Cross-model generalization (all surpass GRPO): Qwen2.5-Math-1.5B +4.45, Qwen2.5-3B +3.54, DeepSeek-Math-7B +2.86.

Key Findings

  • DGAE and DQW contribute +0.94% and +1.14% respectively, and are complementary.
  • MathForge consistently outperforms GRPO across all four tested model architectures, demonstrating model-agnostic generalizability.
  • DGPO is composable with other methods: +GPG → +0.99, +DAPO → +1.97, +GSPO → +1.61.
  • Models trained with DGPO produce more concise outputs (Fig. 1b), suggesting they learn more efficient reasoning paths.

Highlights & Insights

  • The theoretical contributions are rigorous: Theorems 1 and 2 formally prove the bell-shaped update bias of GRPO and the constant-magnitude balance of DGAE, with clear mathematical derivations.
  • The two-step "balance then weight" design (DGAE → DQW) is more effective than directly applying difficulty weighting on top of GRPO (e.g., GRPO-AD).
  • The "answer-preserving" constraint in MQR is a critical design choice: it increases difficulty while avoiding answer regeneration, substantially reducing data augmentation cost.
  • The synergy between DGPO and MQR is super-additive (42.17 > 39.79 + 41.04 − 37.61), rather than a simple sum.

Limitations & Future Work

  • MQR relies on a large reasoning model (o3) as the reformulator, increasing data augmentation cost.
  • Validation is limited to mathematical reasoning; the approach has not been tested on other reasoning tasks such as code generation or logical reasoning.
  • The temperature hyperparameter in DQW requires tuning (though \(T=2.0\) proves robust across all experiments).
  • MAD normalization is equivalent to std normalization when reward distributions are symmetric; its theoretical advantages are more pronounced under non-binary rewards but are not fully validated in that setting.
  • vs.
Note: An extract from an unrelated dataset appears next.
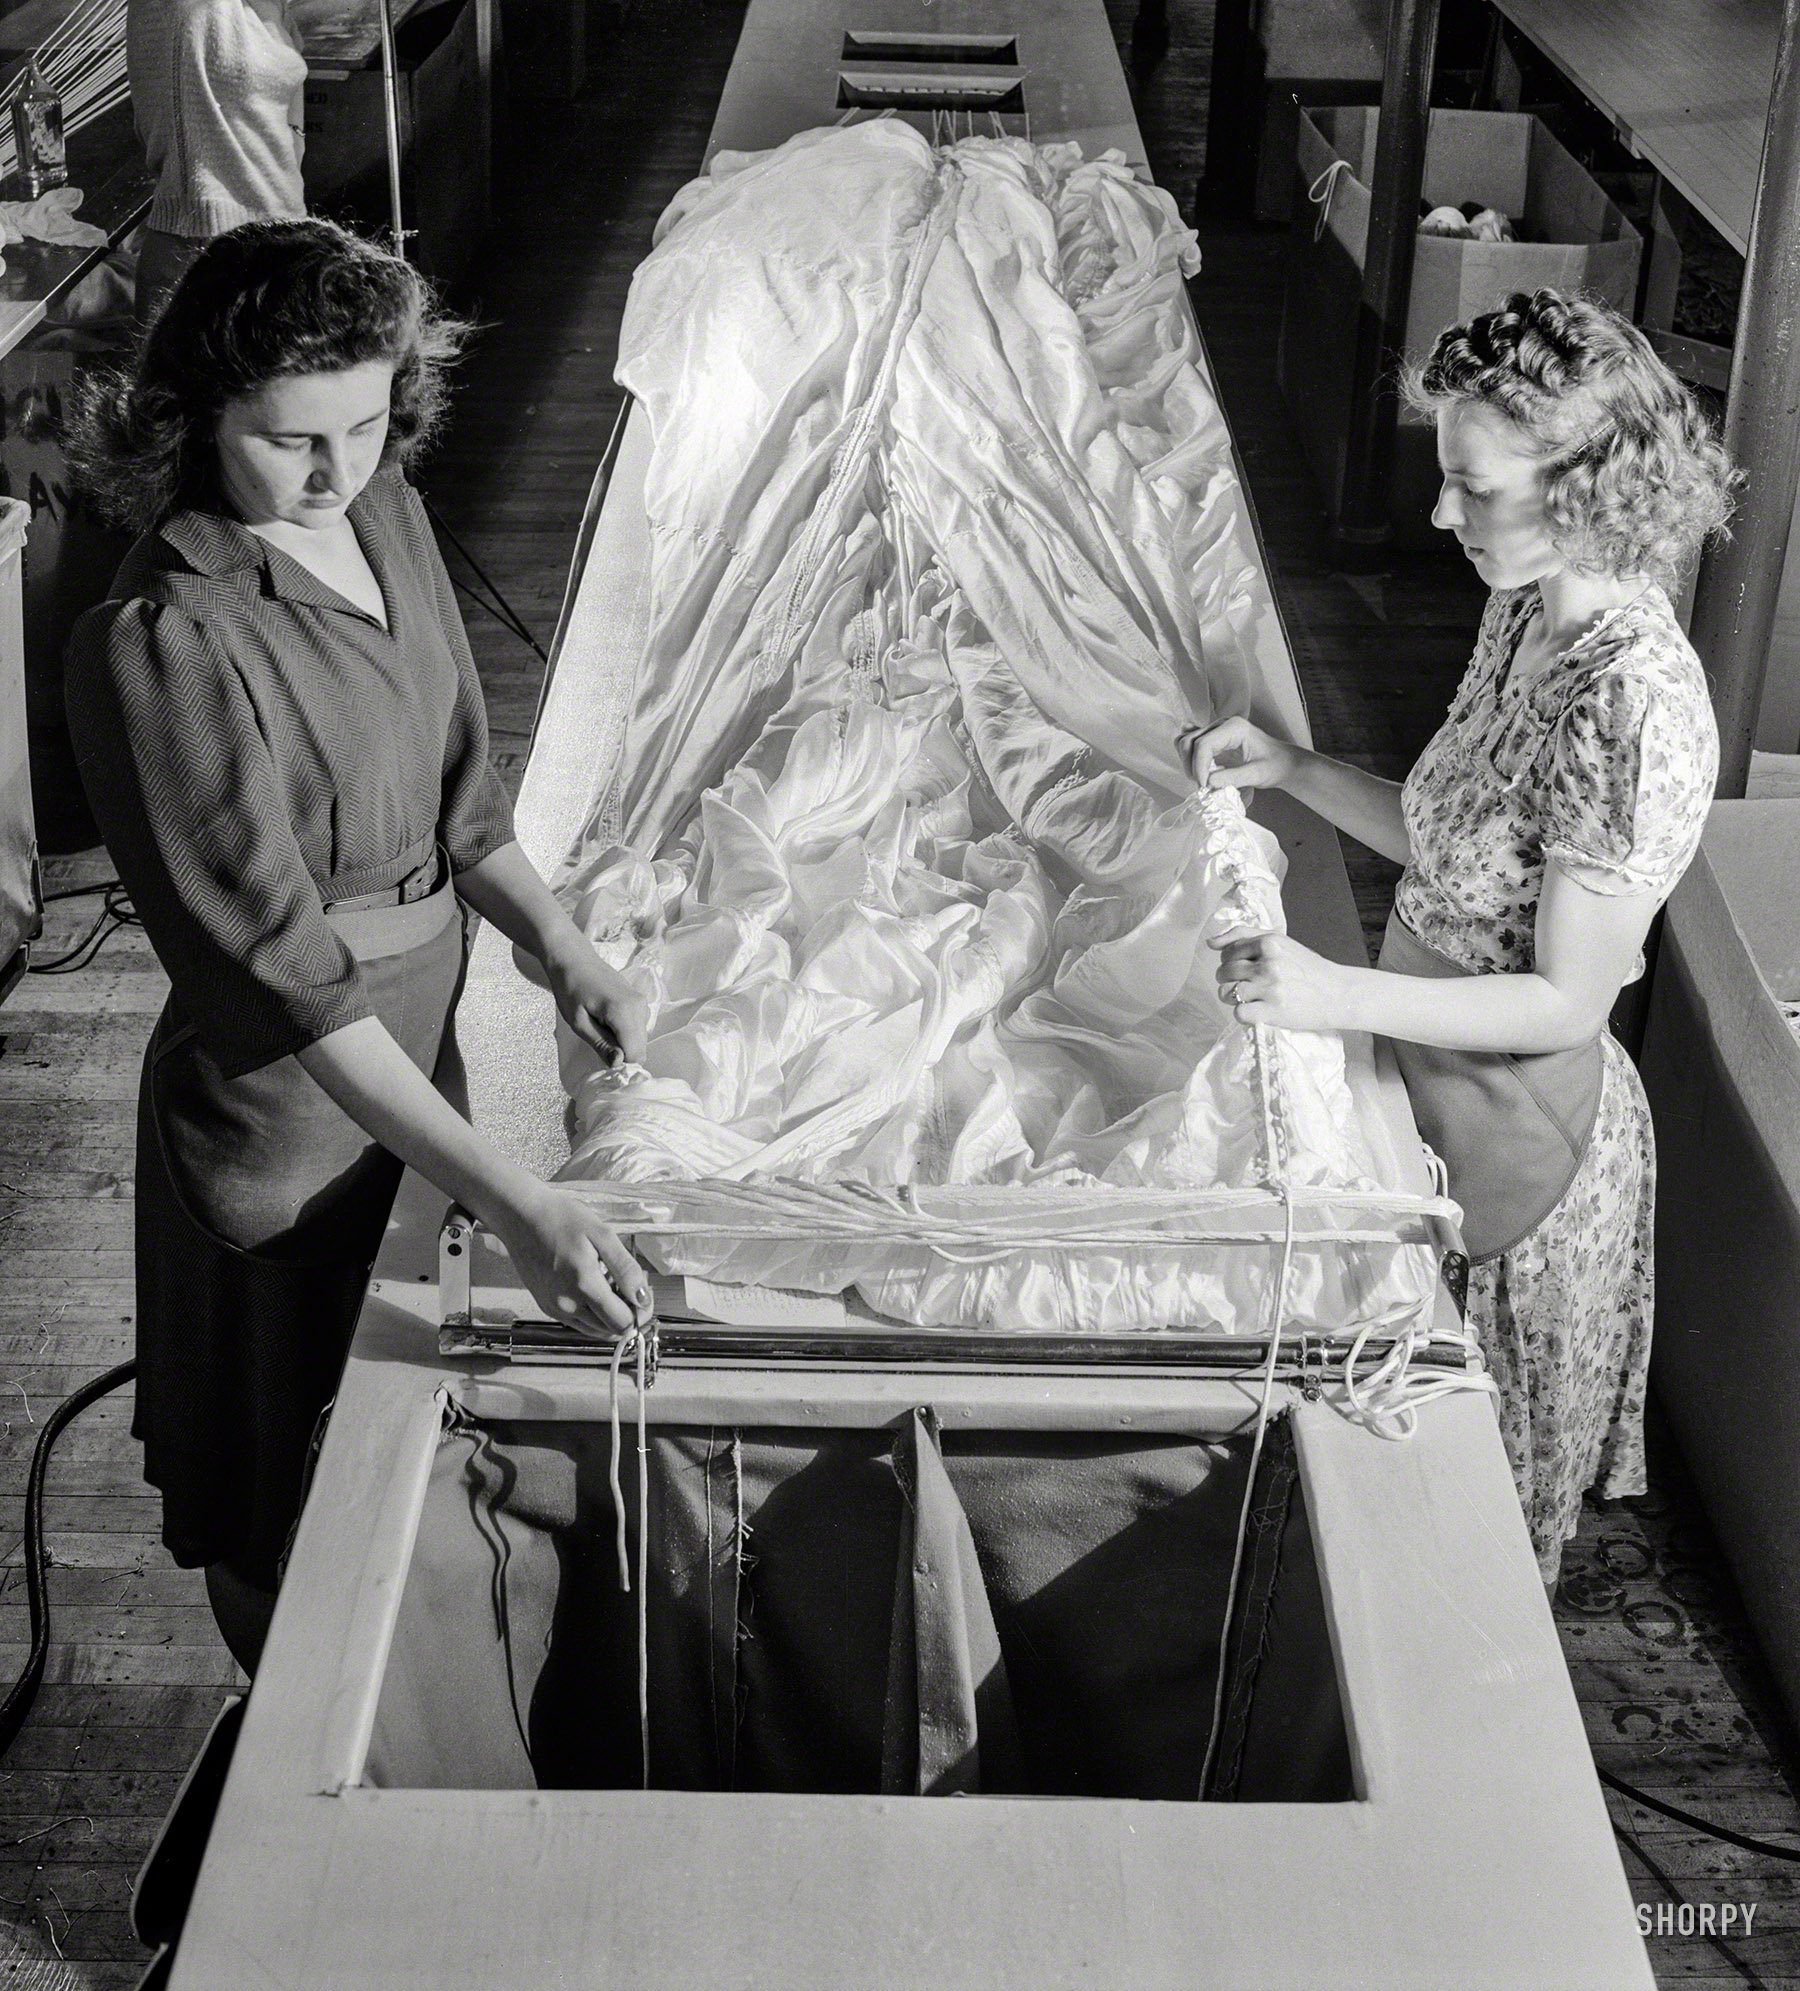 August 1942. "Production. Parachute making. As these two girls thread shroud cords through the material, these yards of silk become more nearly recognizable as one of the parachutes turned out by this Eastern plant. Pioneer Parachute Company, Manchester, Connecticut." Photo by William Rittase for the Office of War Information. View full size.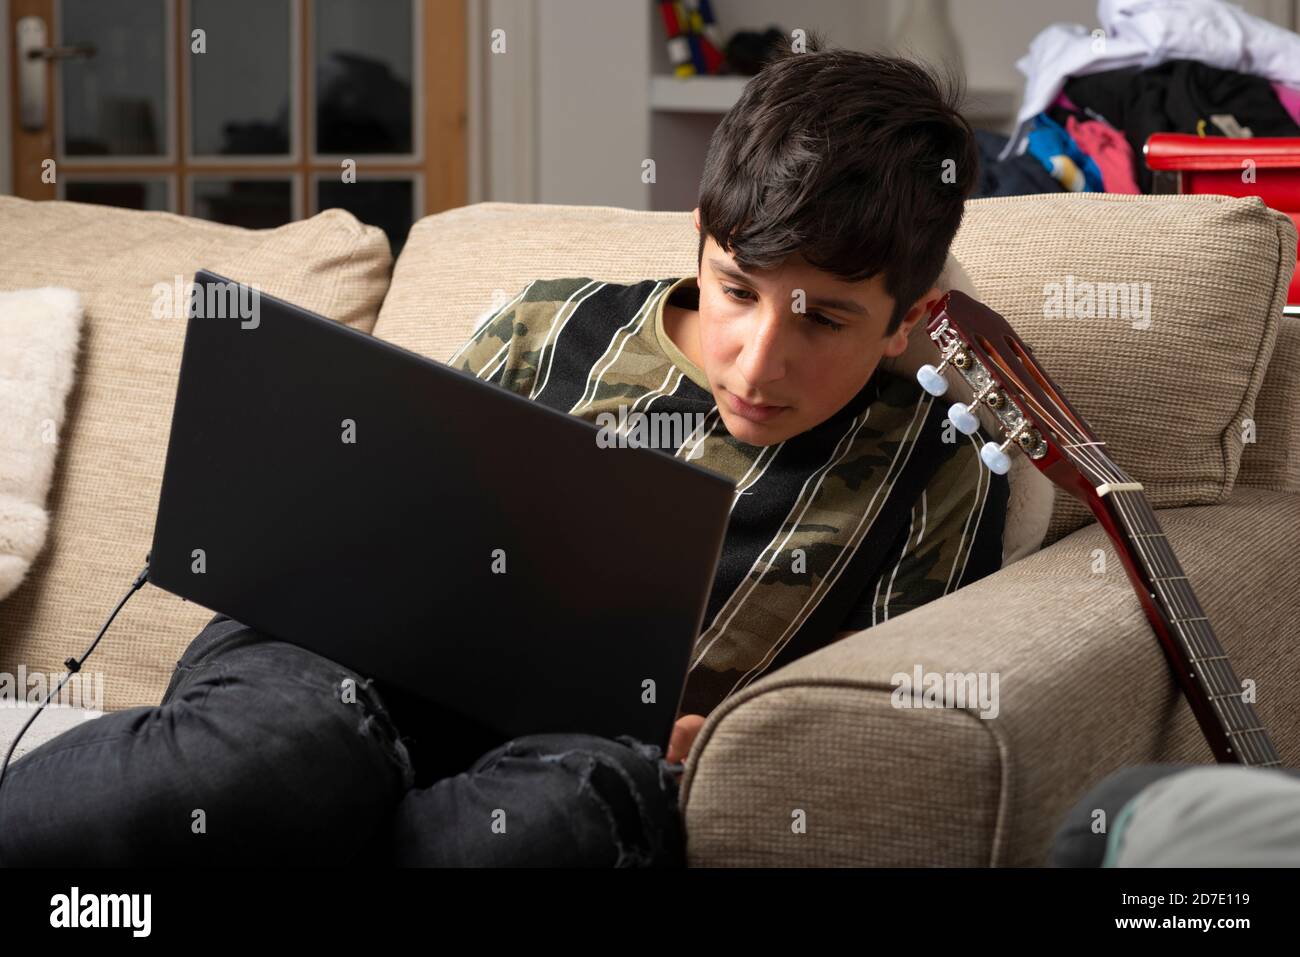 teenage boy, age 13-14 on his laptop at home Stock Photo

GRPO: GRPO's std normalization induces a bell-shaped update bias; DGPO achieves constant update magnitude via MAD — a simple yet theoretically grounded correction.
  • vs. GRPO-AD (Zhang & Zuo 2025): GRPO-AD applies difficulty weighting on top of GRPO without correcting the underlying imbalance, yielding limited gains (+0.65 vs. DGPO's +2.18).
  • vs. DAPO/GPG: These methods address orthogonal aspects such as sampling strategies and KL divergence, and are composable with DGPO.
  • Data augmentation insight: The "answer-preserving constraint" in MQR is a practical design principle — ensuring mathematical equivalence of augmented data.

Rating

  • Novelty: ⭐⭐⭐⭐ Theoretically grounded insights (Theorems 1/2); the MAD-for-std substitution is simple but well-motivated.
  • Experimental Thoroughness: ⭐⭐⭐⭐⭐ Six benchmarks × four models × multiple ablations + dynamic analysis + composability experiments.
  • Writing Quality: ⭐⭐⭐⭐ Theory and experiments are tightly integrated; ablations are comprehensive.
  • Value: ⭐⭐⭐⭐ A general improvement for RLVR training; DGPO can be directly incorporated into existing pipelines.